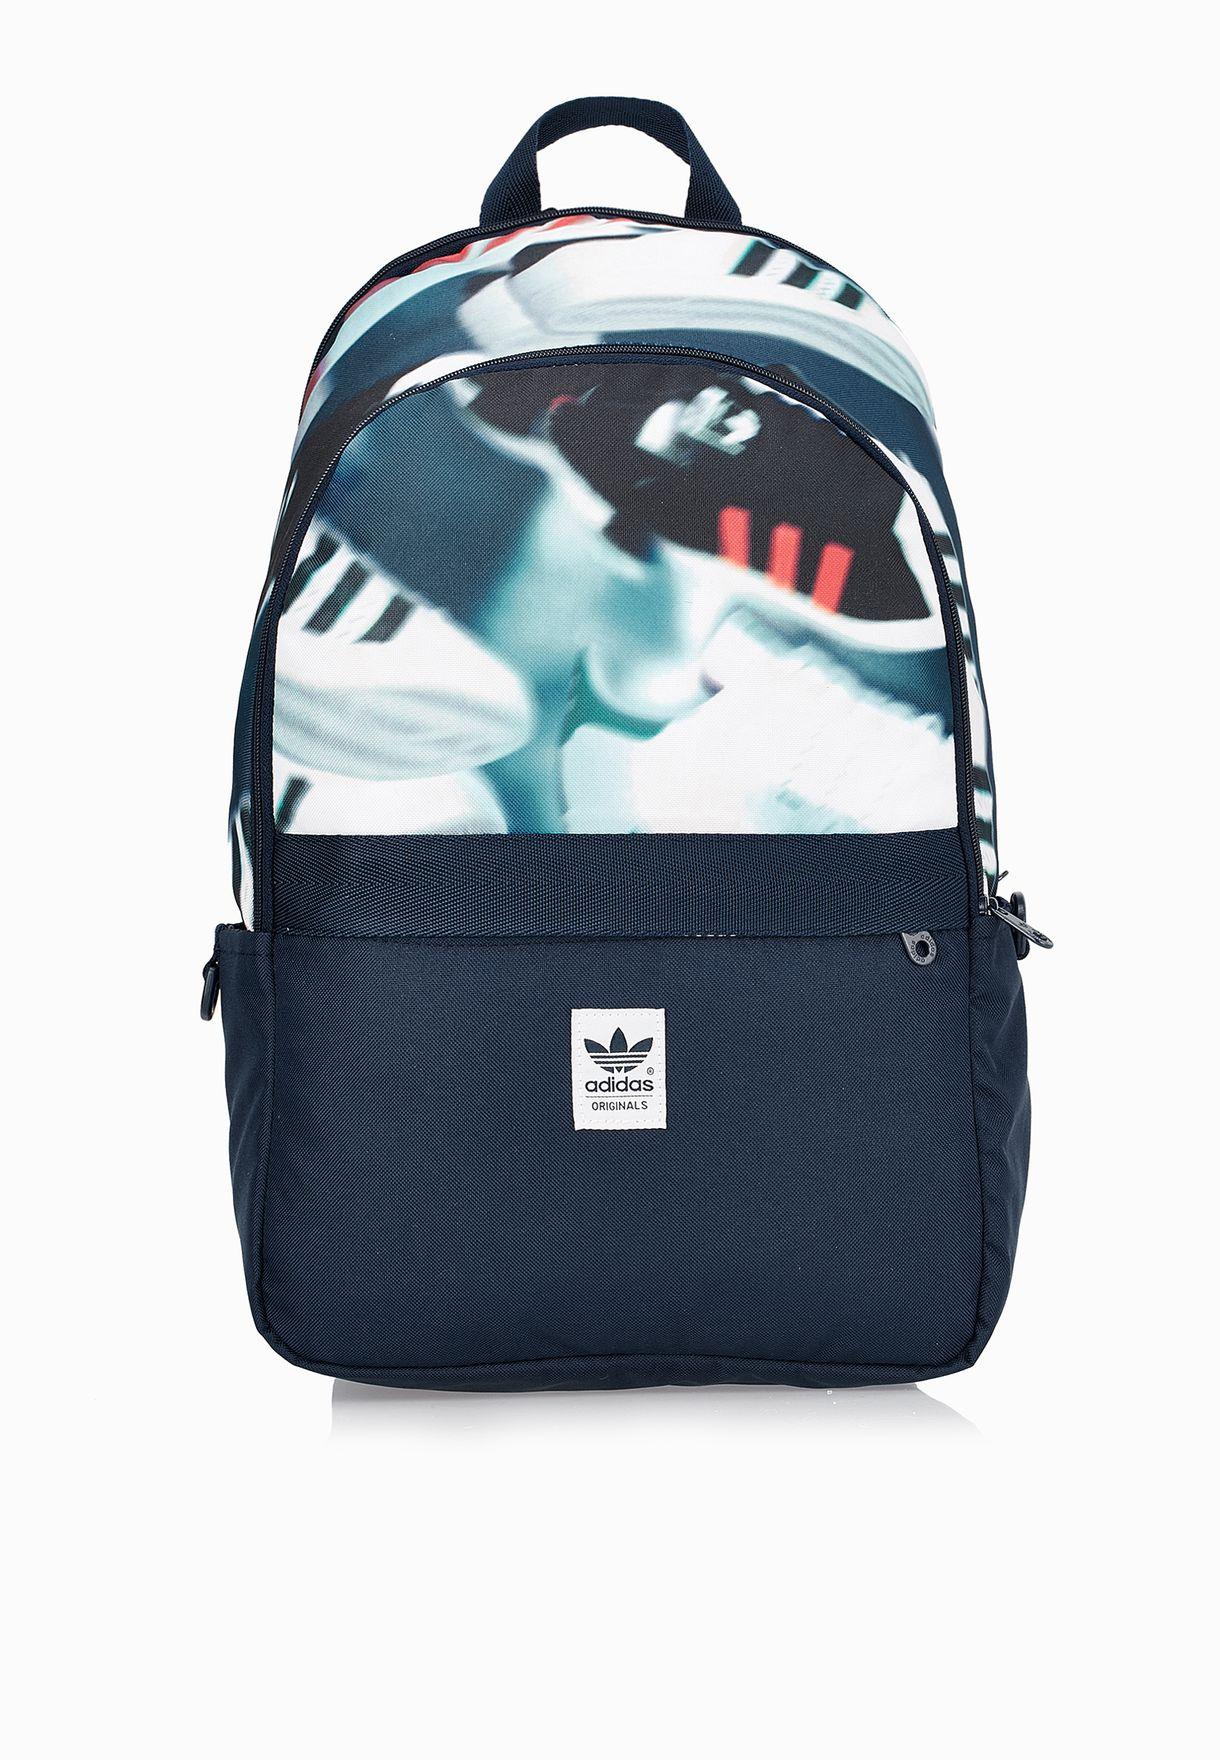 ef2c664132b Shop adidas Originals blue Shoe Chaos Backpack AX5789 for Men in ...
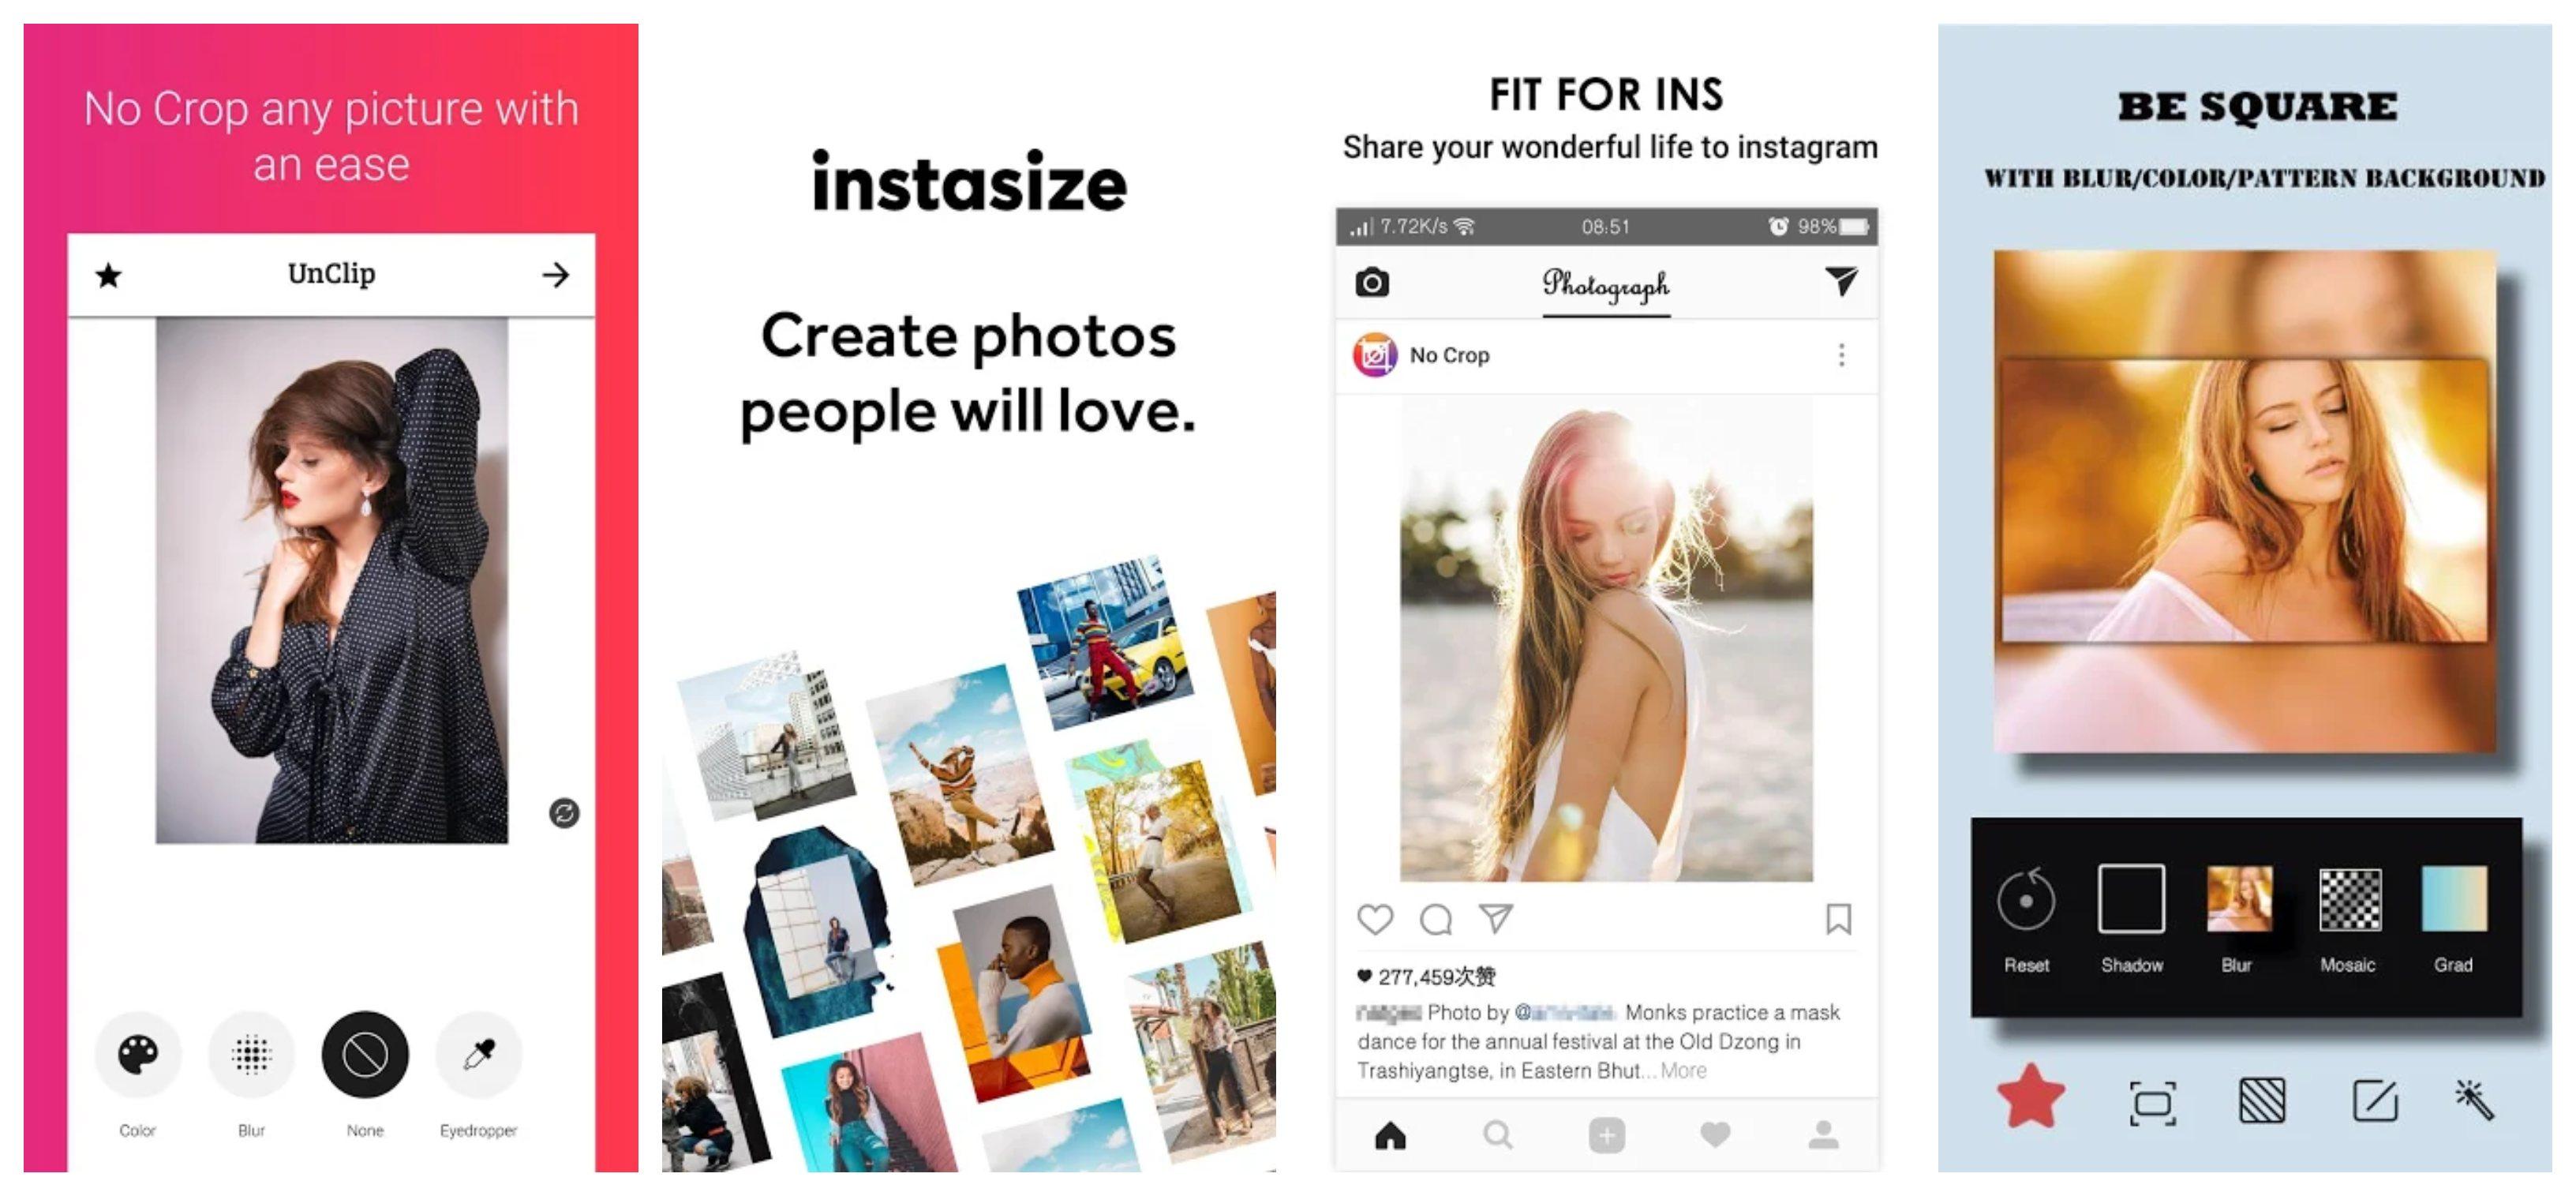 10 Best No Crop Apps For Instagram & WhatsApp (2019)
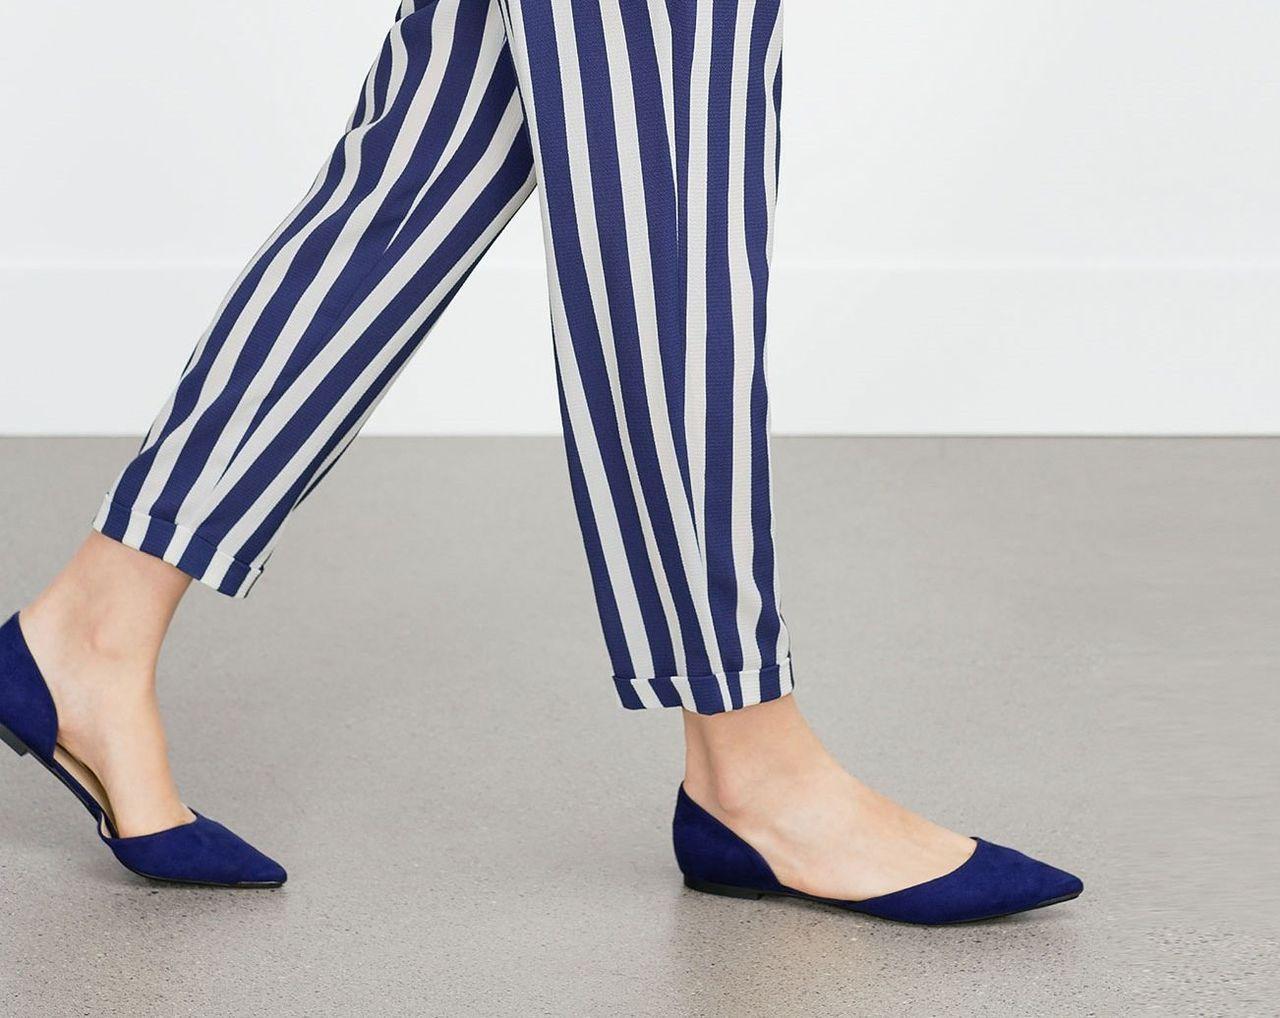 Zara Blue D'orsay Flat Shoes - Beautiful Wardrobe

About this task: Keep every word of the data as it is when you write it out, but drop the pictures.

Solution below:
 ef2c664132b Shop adidas Originals blue Shoe Chaos Backpack AX5789 for Men in ...
 10 Best No Crop Apps For Instagram & WhatsApp (2019)
 Zara Blue D'orsay Flat Shoes - Beautiful Wardrobe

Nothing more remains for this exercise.